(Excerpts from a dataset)
★ ★ ★ ★

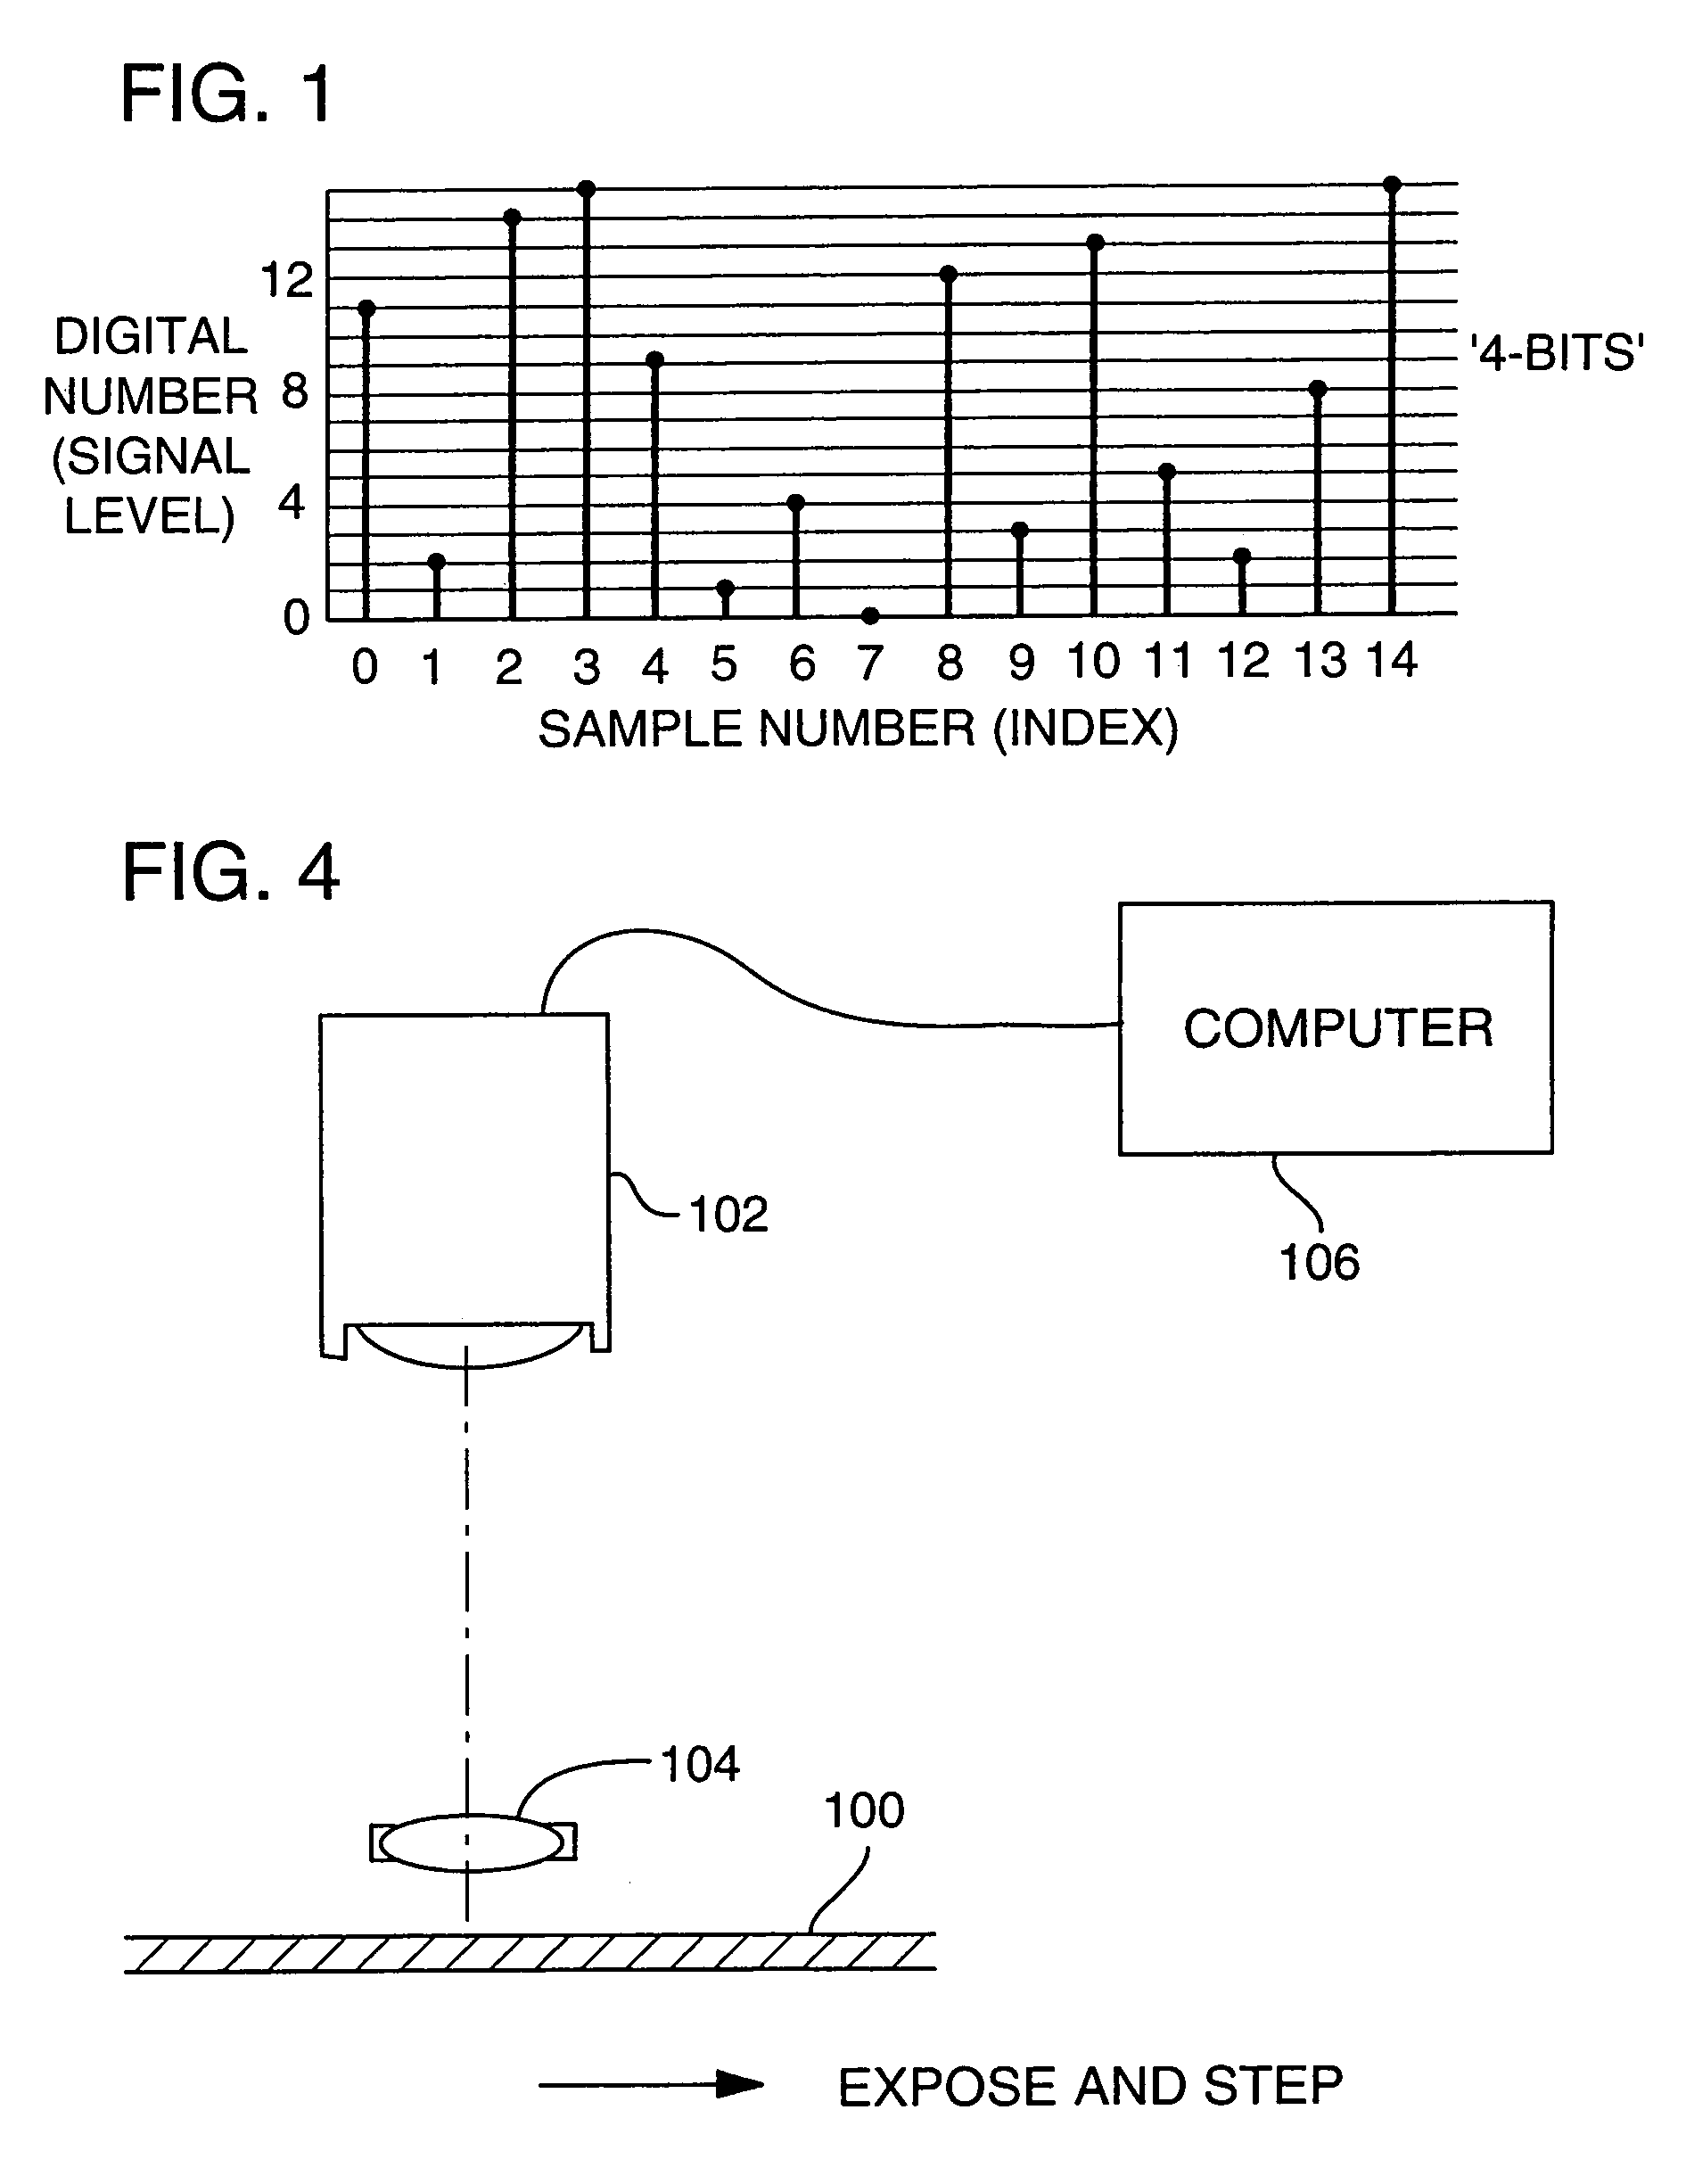 Methods for audio watermarking and decoding
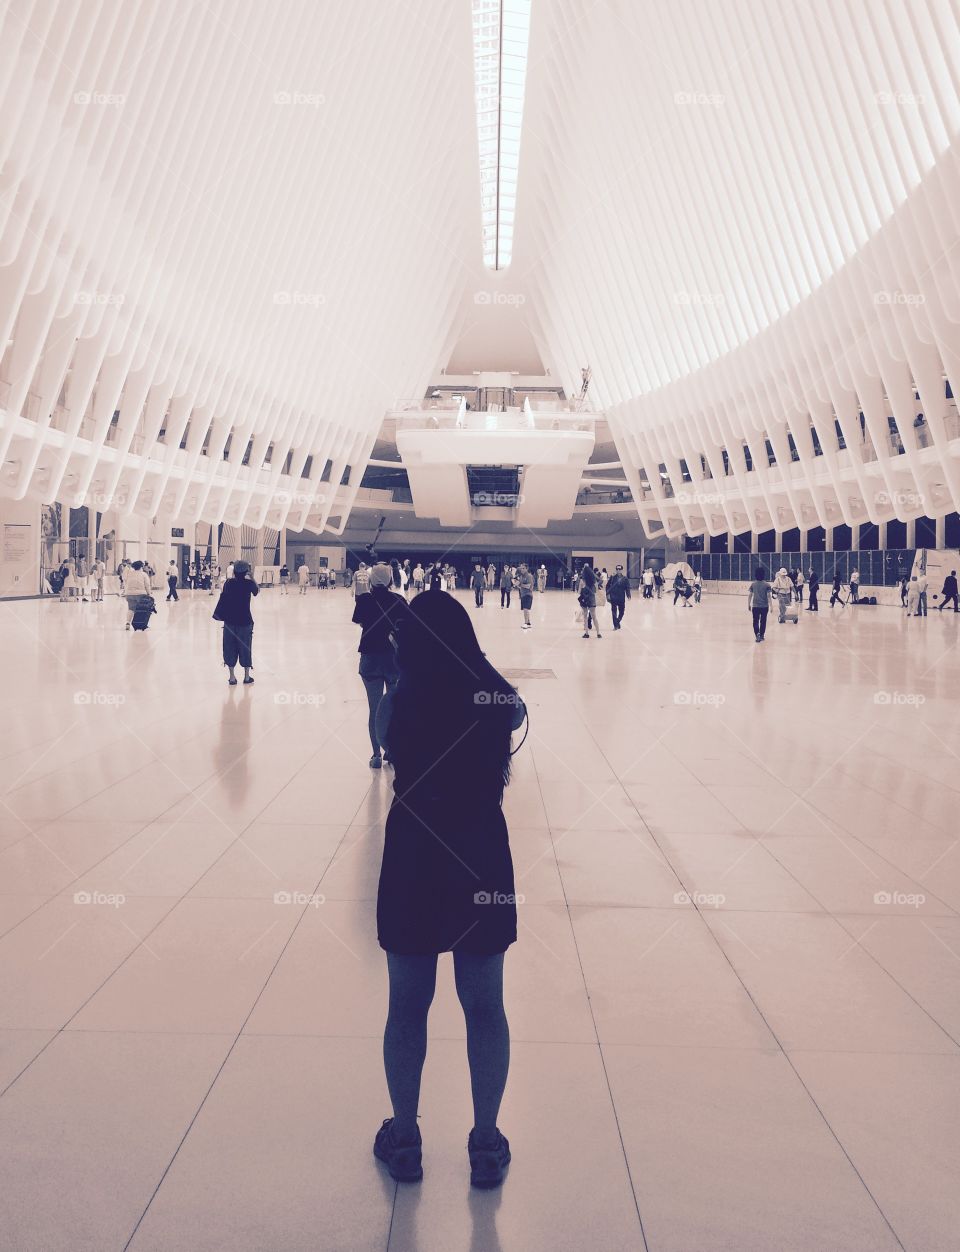 Photographing the Oculus
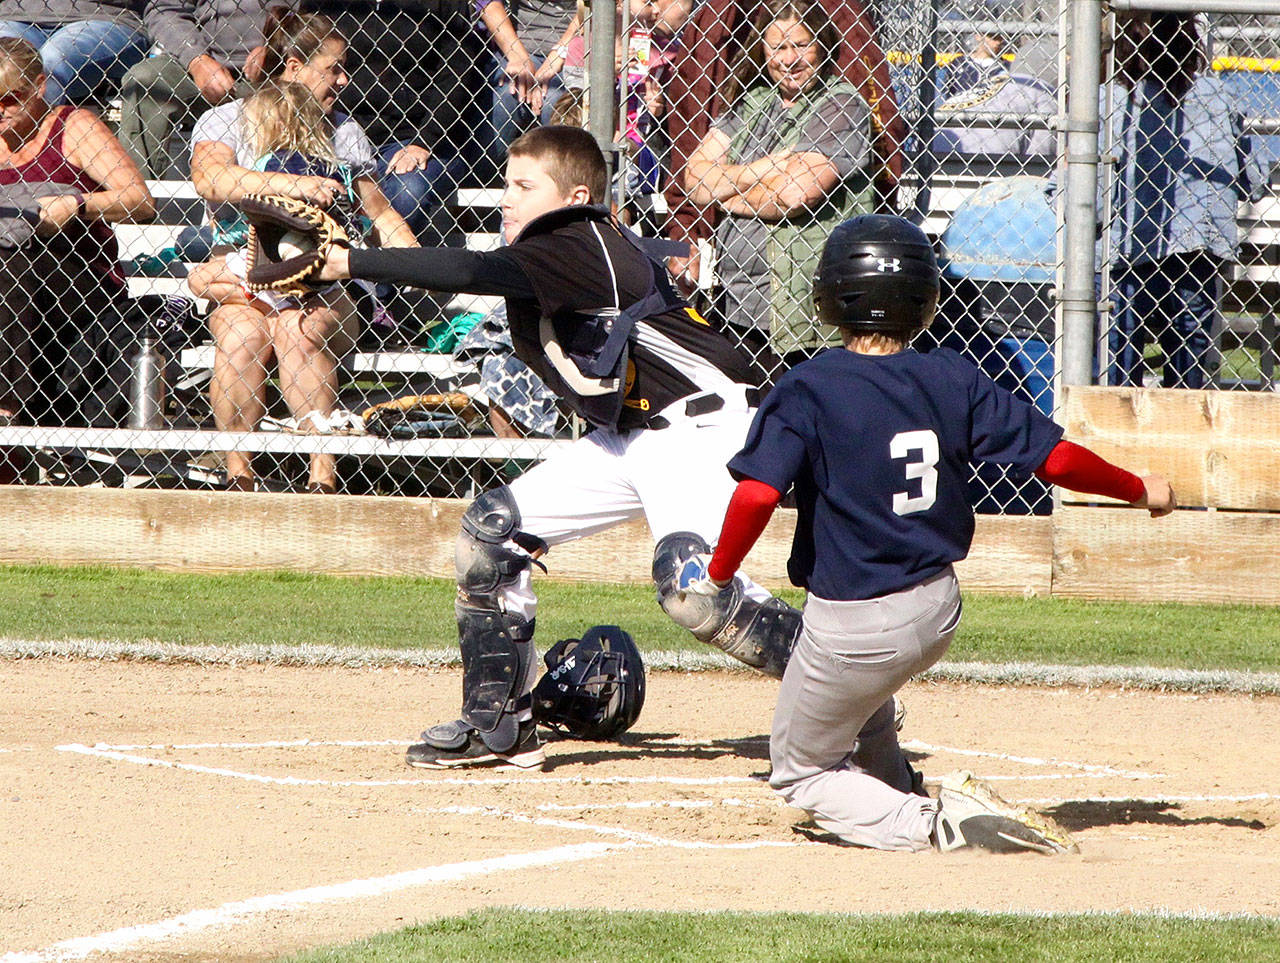 Dave Logan/for Peninsula Daily News The 21st annual Dick Brown Memorial Baseball Tournament began at the Lincoln Park fields in Port Angeles Saturday. Twenty teams from as far as Bellevue and Edmonds are competing. The two-day tournament winds up with the championship games in each division scheduled for 4 p.m. today. Here, Sequim Crosscutter catcher Brayden White gets the ball from the outfield, but not in time to stop Bryton Amsdill of the Port Angeles 12-year-olds from sliding home safely for the first run of the game.
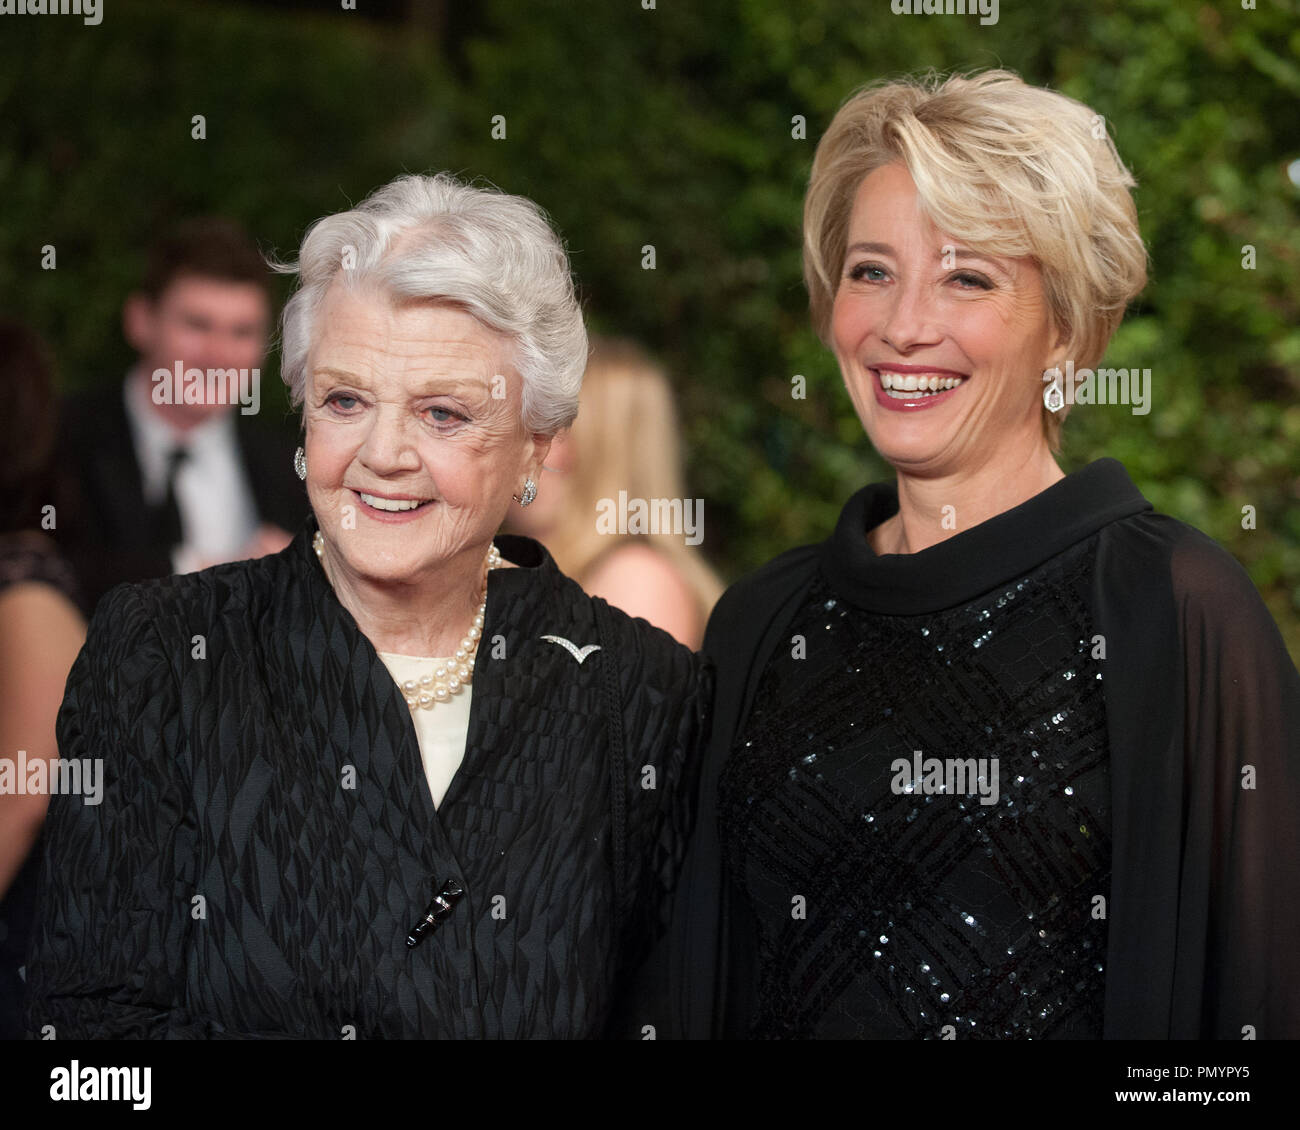 Honorary Award recipient Angela Lansbury  (left) and actress Emma Thompson attend the 5th Annual Governors Awards at The Ray Dolby Ballroom at Hollywood & Highland Center® in Hollywood, CA, on Saturday, November 16, 2013.  File Reference # 32184 031  For Editorial Use Only -  All Rights Reserved Stock Photo
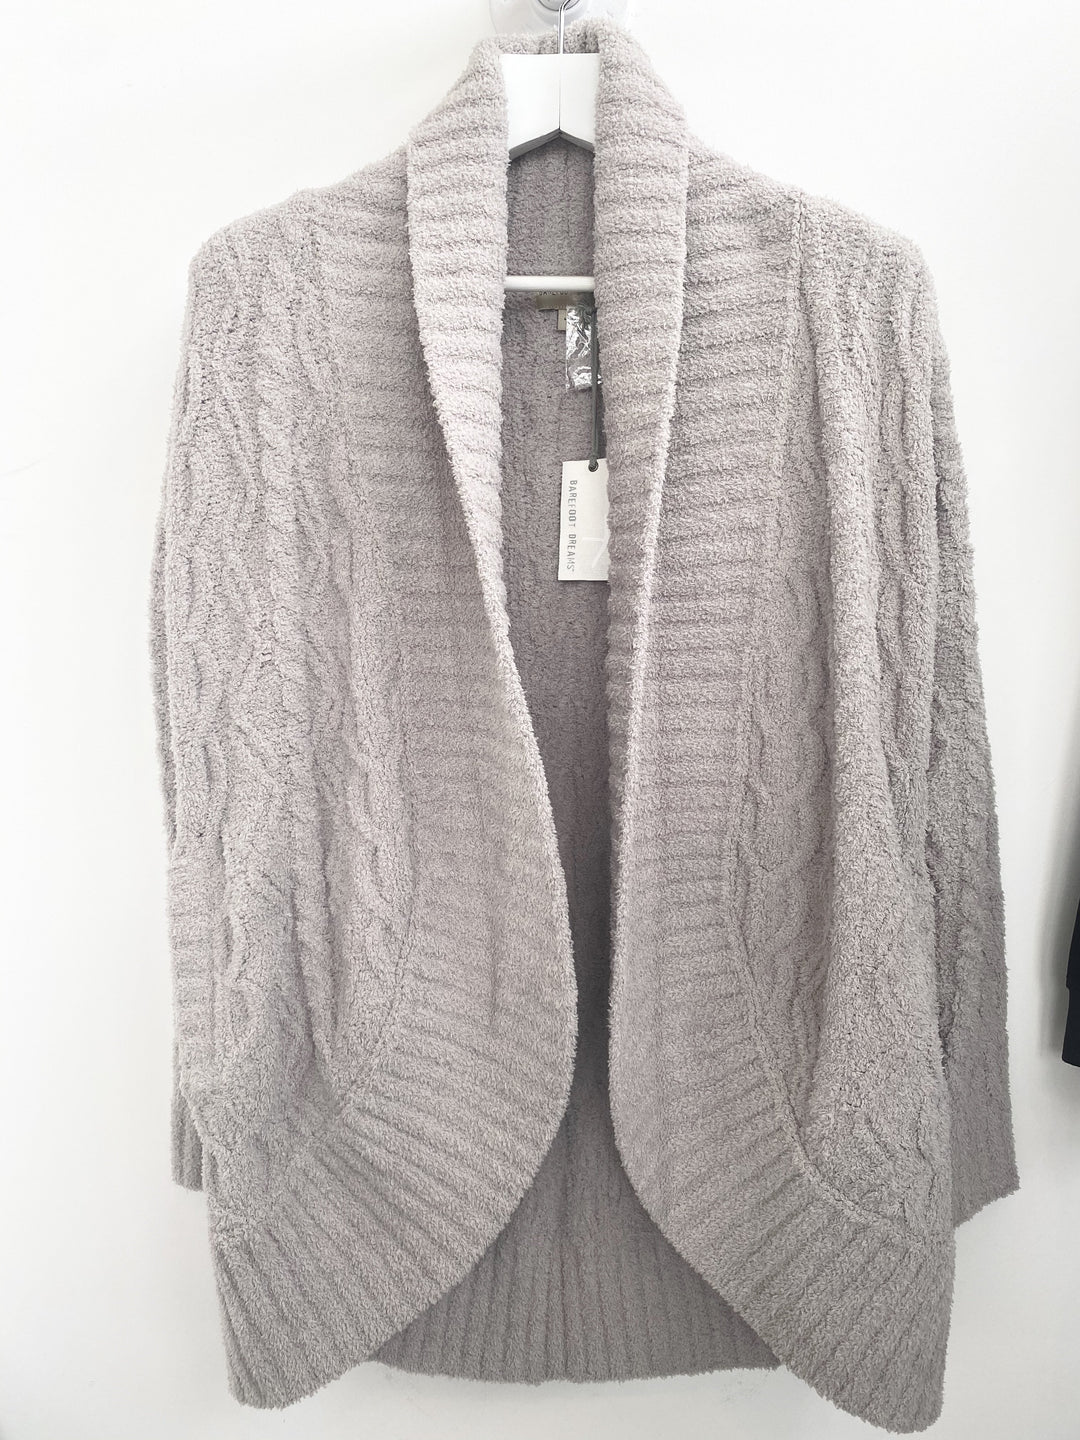 Barefoot Dreams - Cozychic Cable Shawl Cardi in Linen

★ ★ ★ ★

For this exercise, copy each line of the data above exactly, from the first through the line containing "Photographing the Oculus", and drop the pictures.

 Methods for audio watermarking and decoding
 Photographing the Oculus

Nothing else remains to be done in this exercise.